(DATA BLOCK)
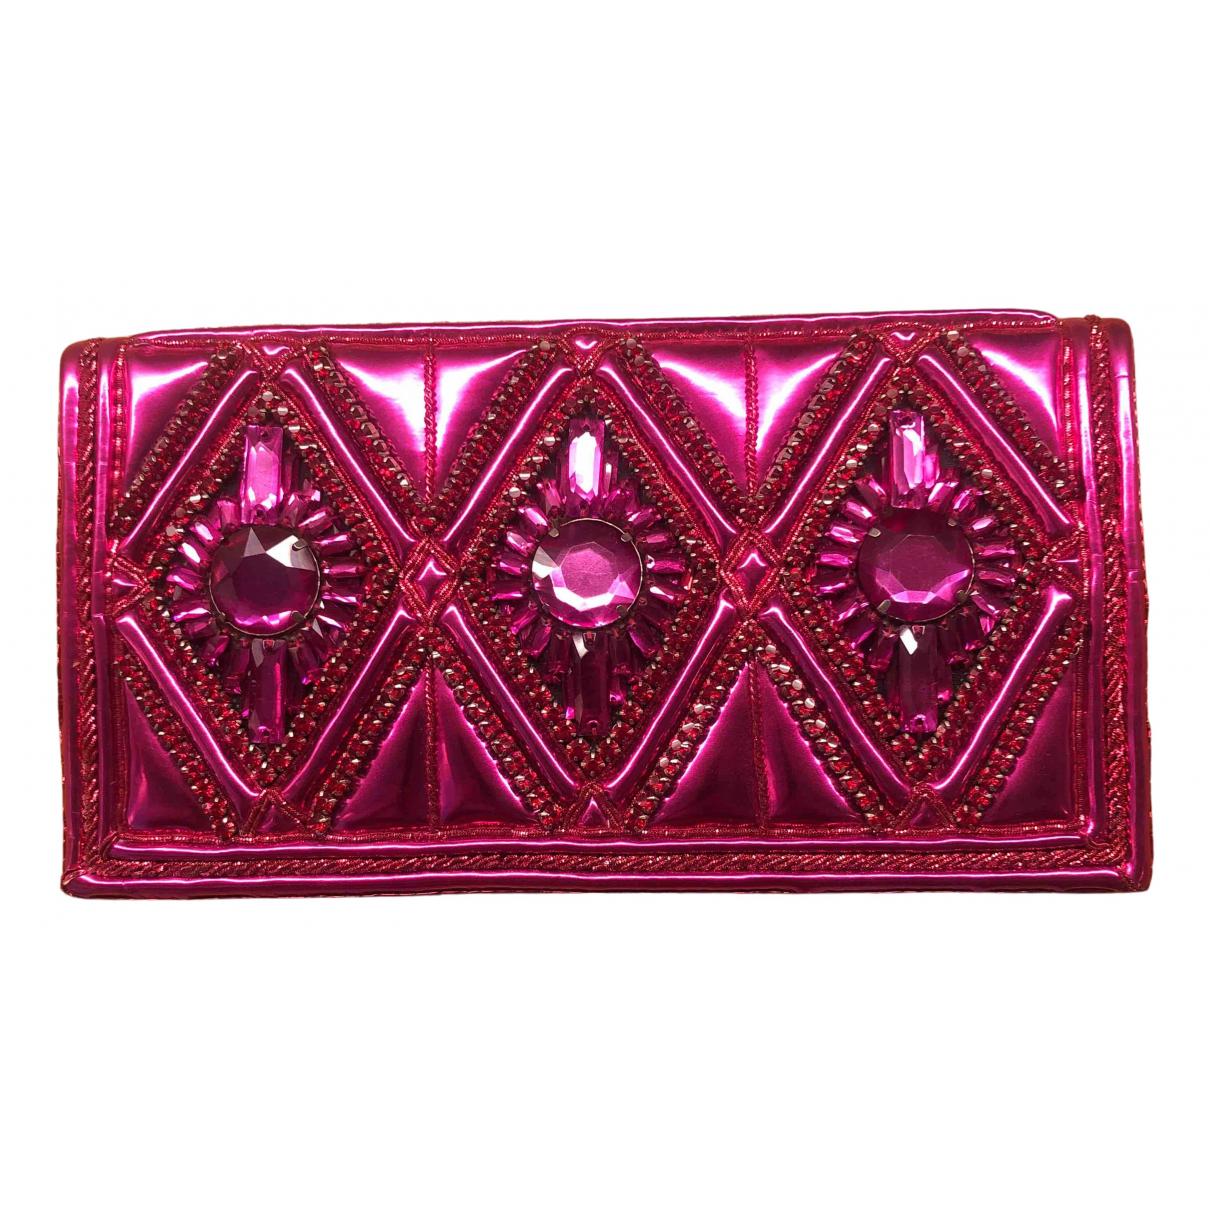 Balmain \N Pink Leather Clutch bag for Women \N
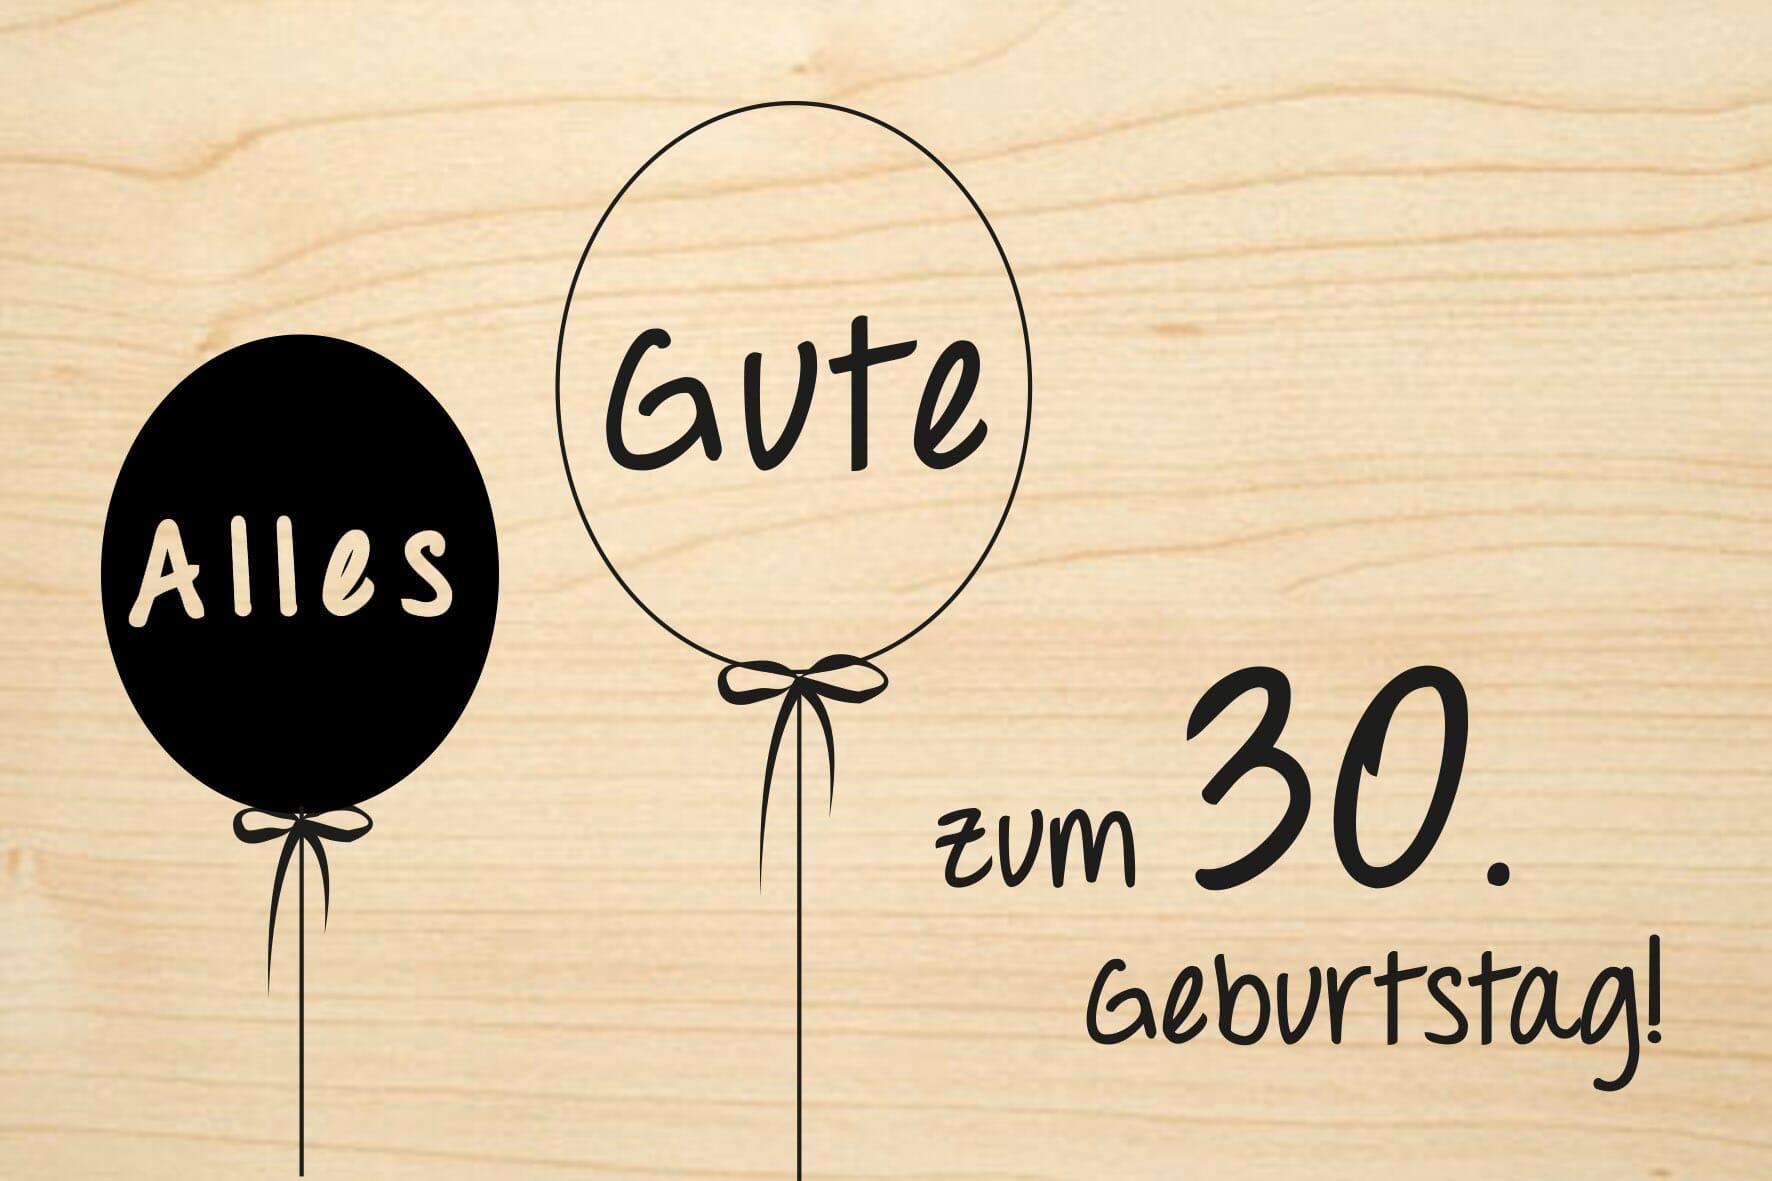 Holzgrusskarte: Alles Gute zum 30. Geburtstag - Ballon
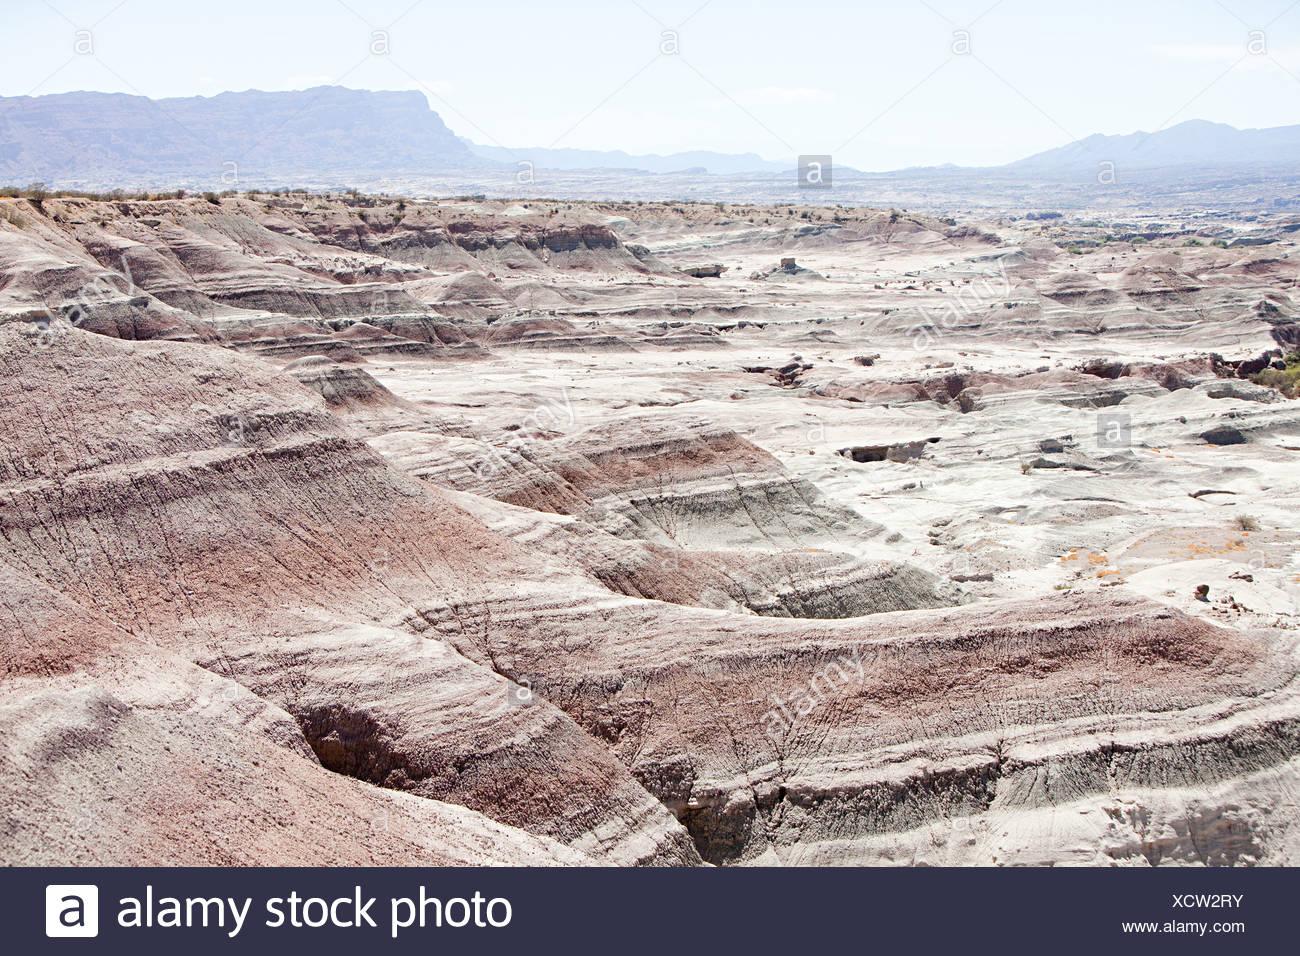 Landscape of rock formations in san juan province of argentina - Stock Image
(End DATA BLOCK)
Print the lines from the line with "Holzgrusskarte: Alles Gute" to the end of the data above. Include both ends, exclude the pictures, and add nothing else.

- RESULT
 Holzgrusskarte: Alles Gute zum 30. Geburtstag - Ballon
 Landscape of rock formations in san juan province of argentina - Stock Image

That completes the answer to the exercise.